• _What the task asks_: Print the whole listing below exactly, skipping every picture.

• _Exercise data_:
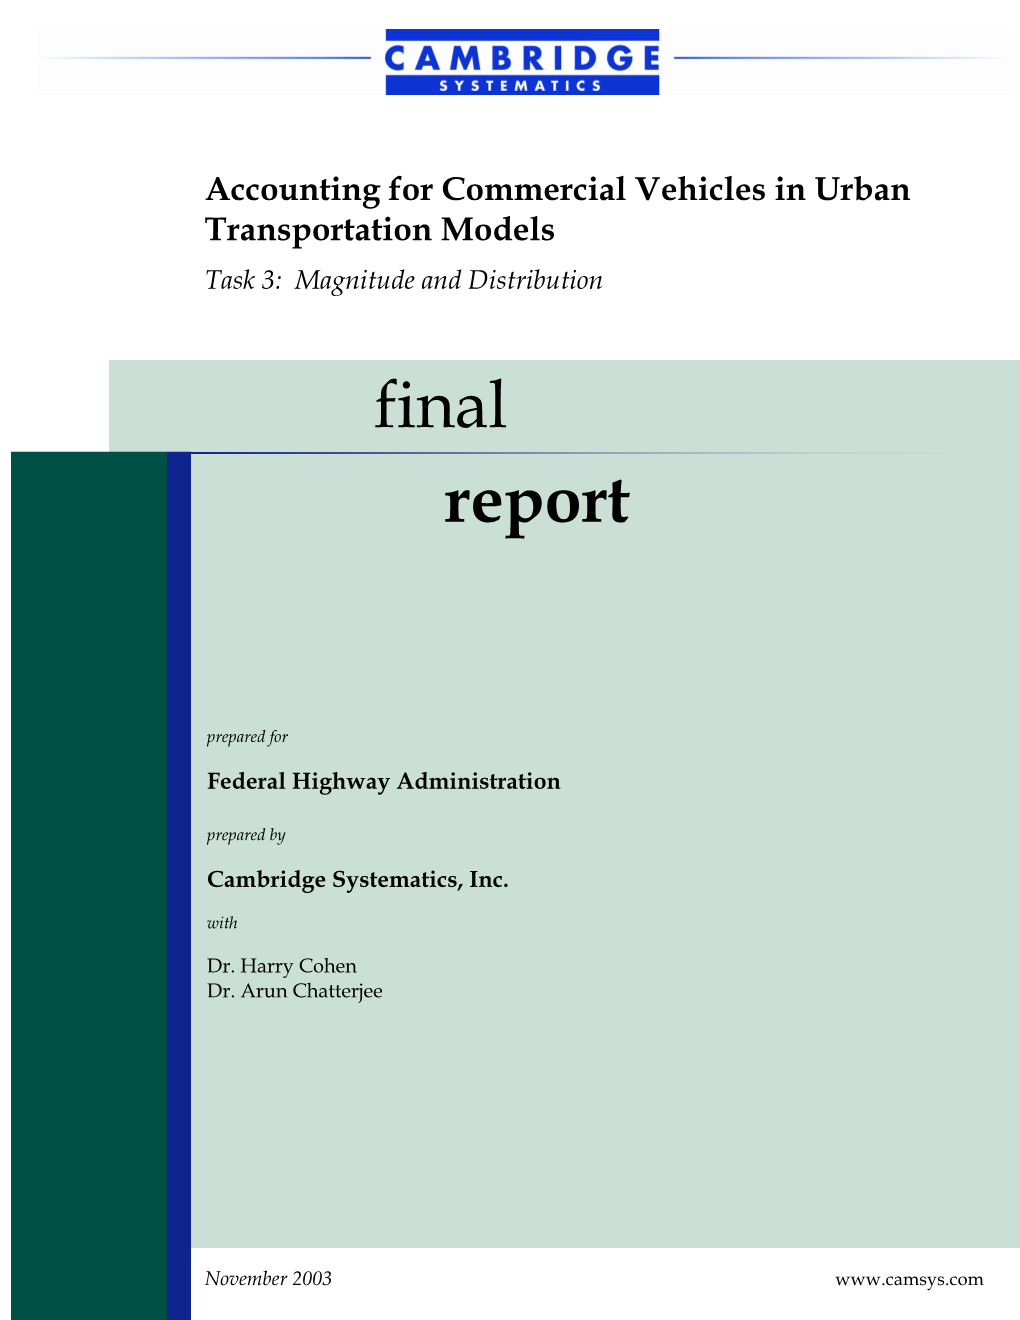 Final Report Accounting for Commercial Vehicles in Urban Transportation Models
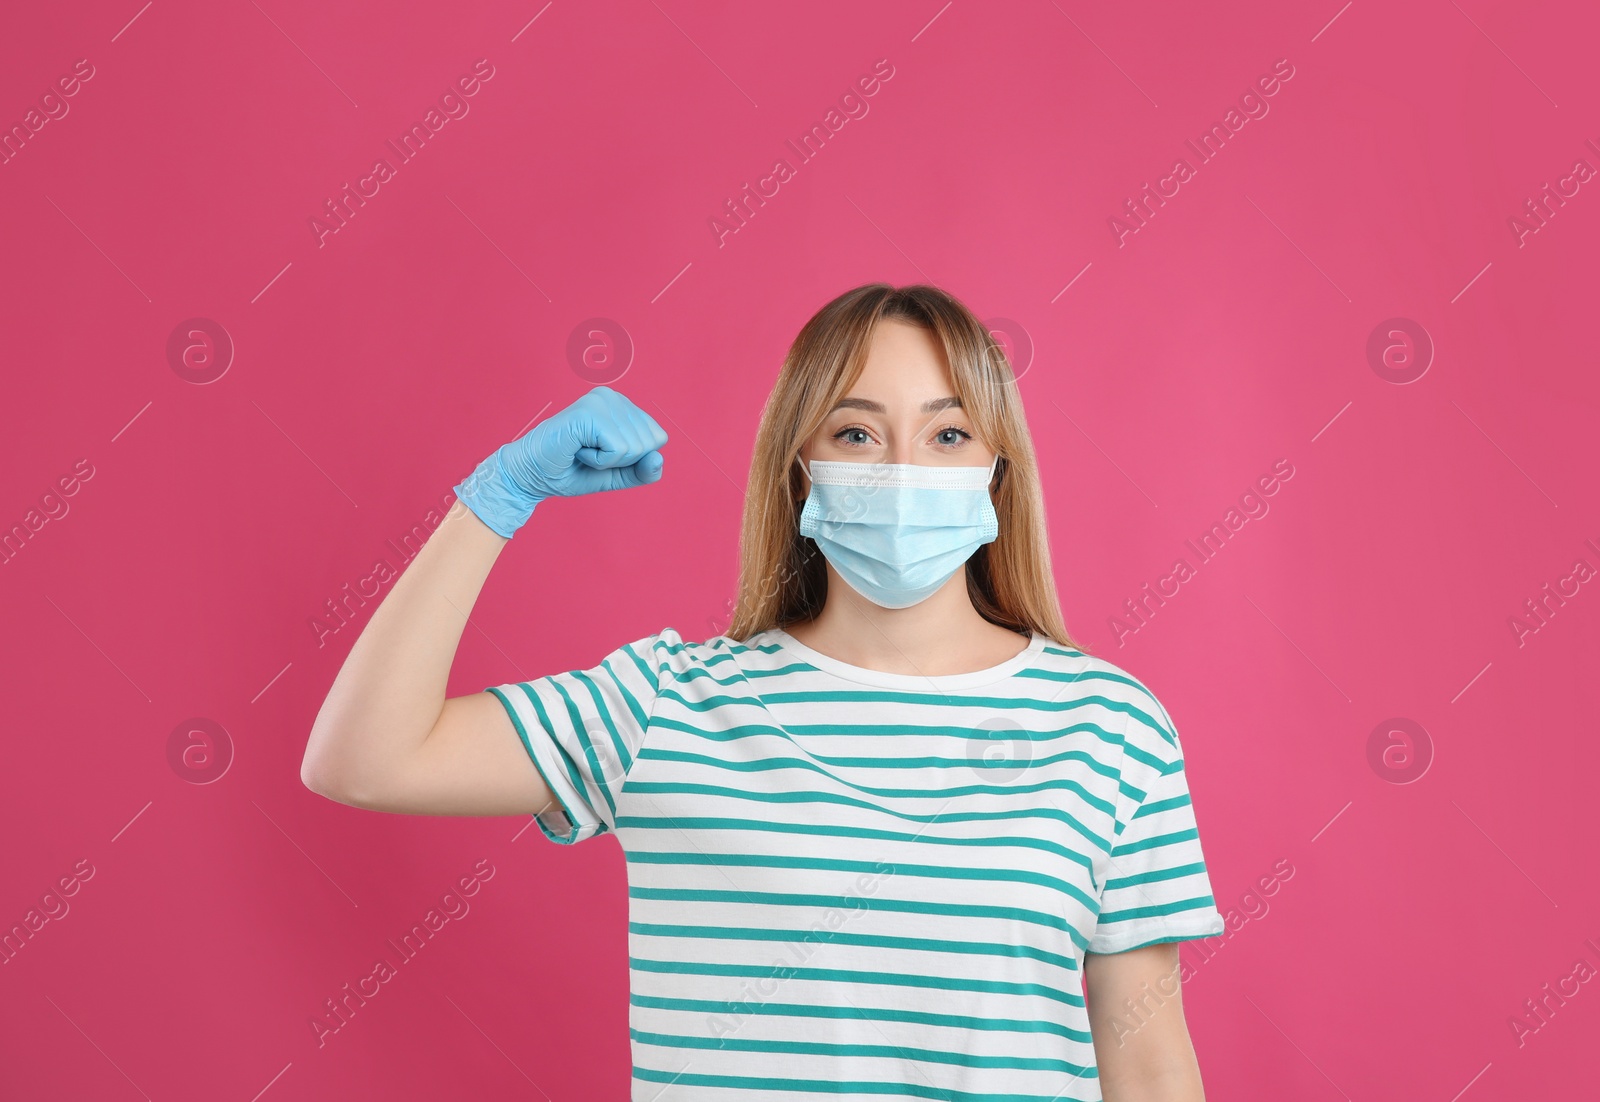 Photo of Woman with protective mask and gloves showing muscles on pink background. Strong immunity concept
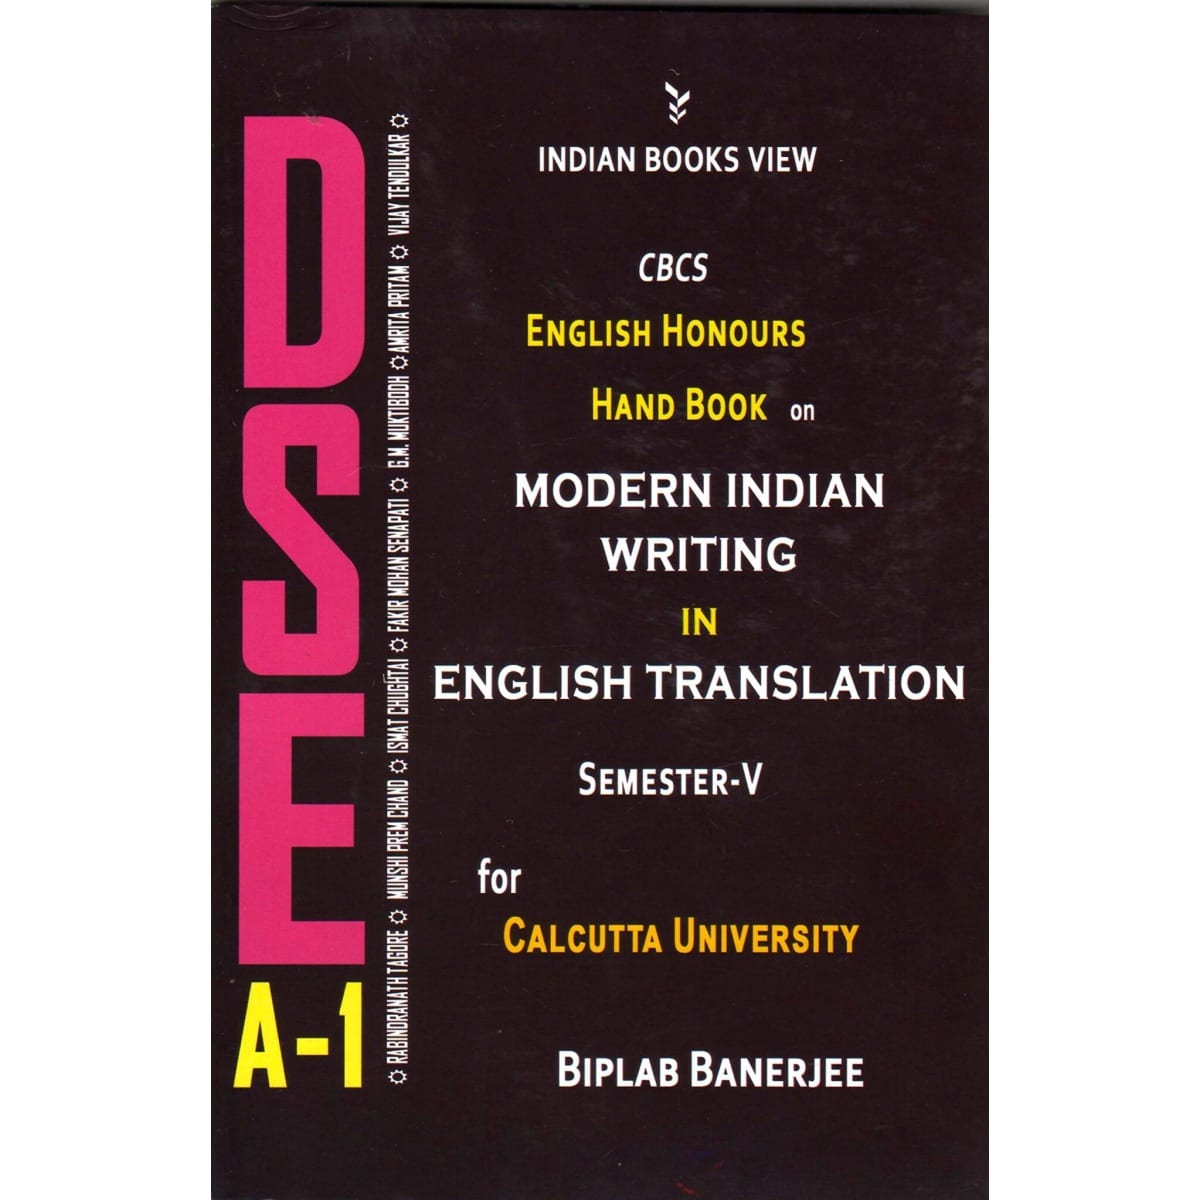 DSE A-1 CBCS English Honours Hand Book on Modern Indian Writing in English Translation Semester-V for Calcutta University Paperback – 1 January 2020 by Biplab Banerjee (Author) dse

• _The completed task_:
 Final Report Accounting for Commercial Vehicles in Urban Transportation Models
 Photo of Woman with protective mask and gloves showing muscles on pink background. Strong immunity concept
 DSE A-1 CBCS English Honours Hand Book on Modern Indian Writing in English Translation Semester-V for Calcutta University Paperback – 1 January 2020 by Biplab Banerjee (Author) dse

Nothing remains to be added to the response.